AVG developed a massive memory leak on my system, driving my 4GB or RAM up to 100% usage. Try uninstalling AVG and see if that cures the problem.

If it does, replace it with MSE: http://www.microsoft.com/security_essentials

AVG removal tools: AVG - Download tools


----------



## Lead3 (Jun 14, 2006)

I have 8 GB of RAM installed and my physical memory is always at or above 30% even when I am only surfing. This is normal.
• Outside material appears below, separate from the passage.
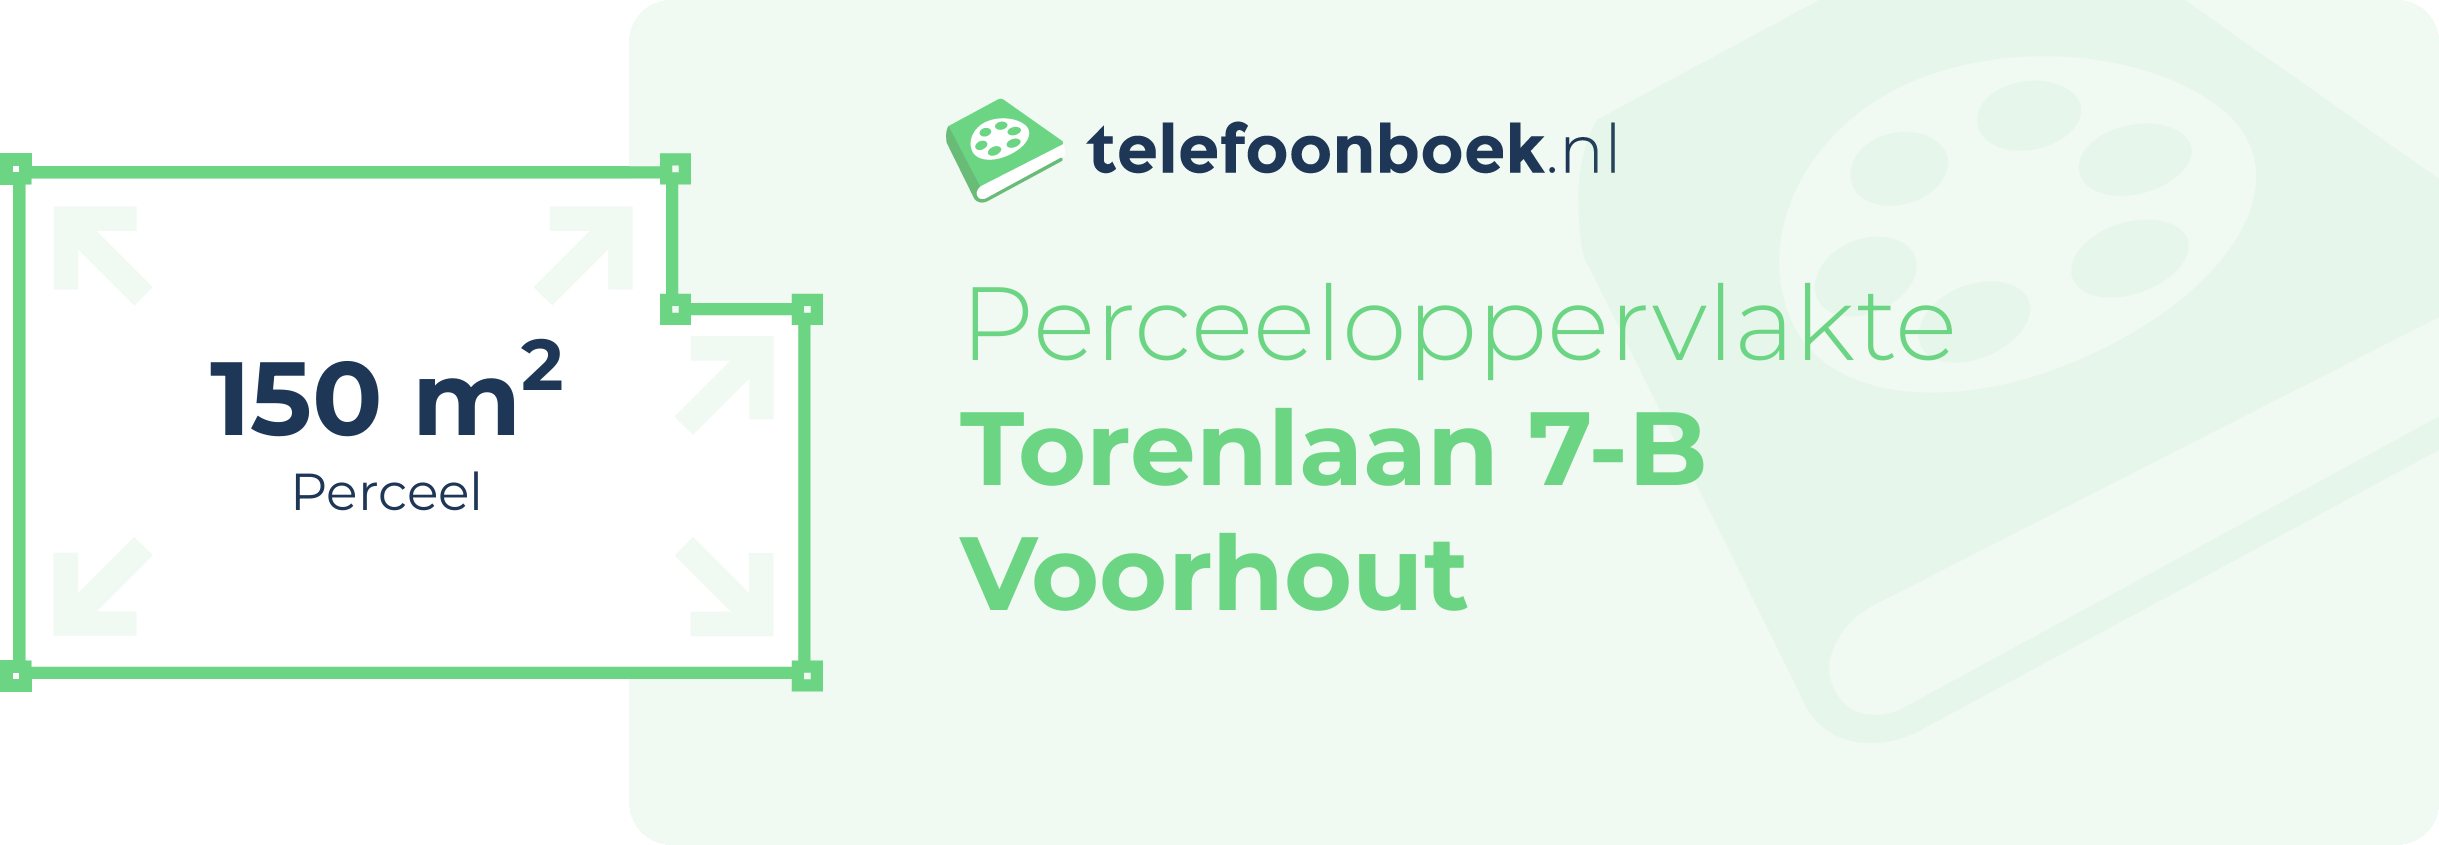 Perceeloppervlakte Torenlaan 7-B Voorhout

I want the system to use more of the memory if possible, or else I wouldn't have bought it.

Windows 7 is designed to preload things into memory based of it's experience so that as you chooes to run frequently used applications, they are already in RAM and take less time to load (called prefetch).
If Windows needs to give up some of that preloaded RAM for a new application that uses more RAM, then it will.

I have 111 processes running
Windows 7 x64.


----------



## LMiller7 (Jun 21, 2010)

How about a screenshot of Task Manager - performance tab and processes tab showing those processes with the highest memory sage. This way we can avoid a great deal of speculation. A picture is worth a thousand words.


----------



## jcgriff2 (Sep 30, 2007)

Skie333 said:


> I'v
> My computer always seems to be running about 50 processes, which is quite high....


50 is fine. # of procs varies.
97 procs running here right now.

RAM usage here - 1.84 GB/ 4 GB - Windows 7 x64.

I agree w/ AVG removal; they have had problems for the second year in a row.


----------



## Skie333 (Dec 1, 2010)

Wow guys, thanks for all the replys xD

I was for sure considering getting rid of AVG.. But it appears that at the moment Google Chrome is taking up alot more memory than i ever remember it taking up. Not sure what the deal is there, maybe it'll get back to normal in time.. If not, i guess i'll go back to IE or something.


----------



## jcgriff2 (Sep 30, 2007)

Your HJT log shows 5 Chrome apps running.

I have 14 IE9 screens up using ~ 875 MB RAM.

I would still go w/ AVG removal and replace it with MSE - http://www.microsoft.com/security_essentials/

You can always go back to AVG if you wish.

Regards. . .

jcgriff2

`


----------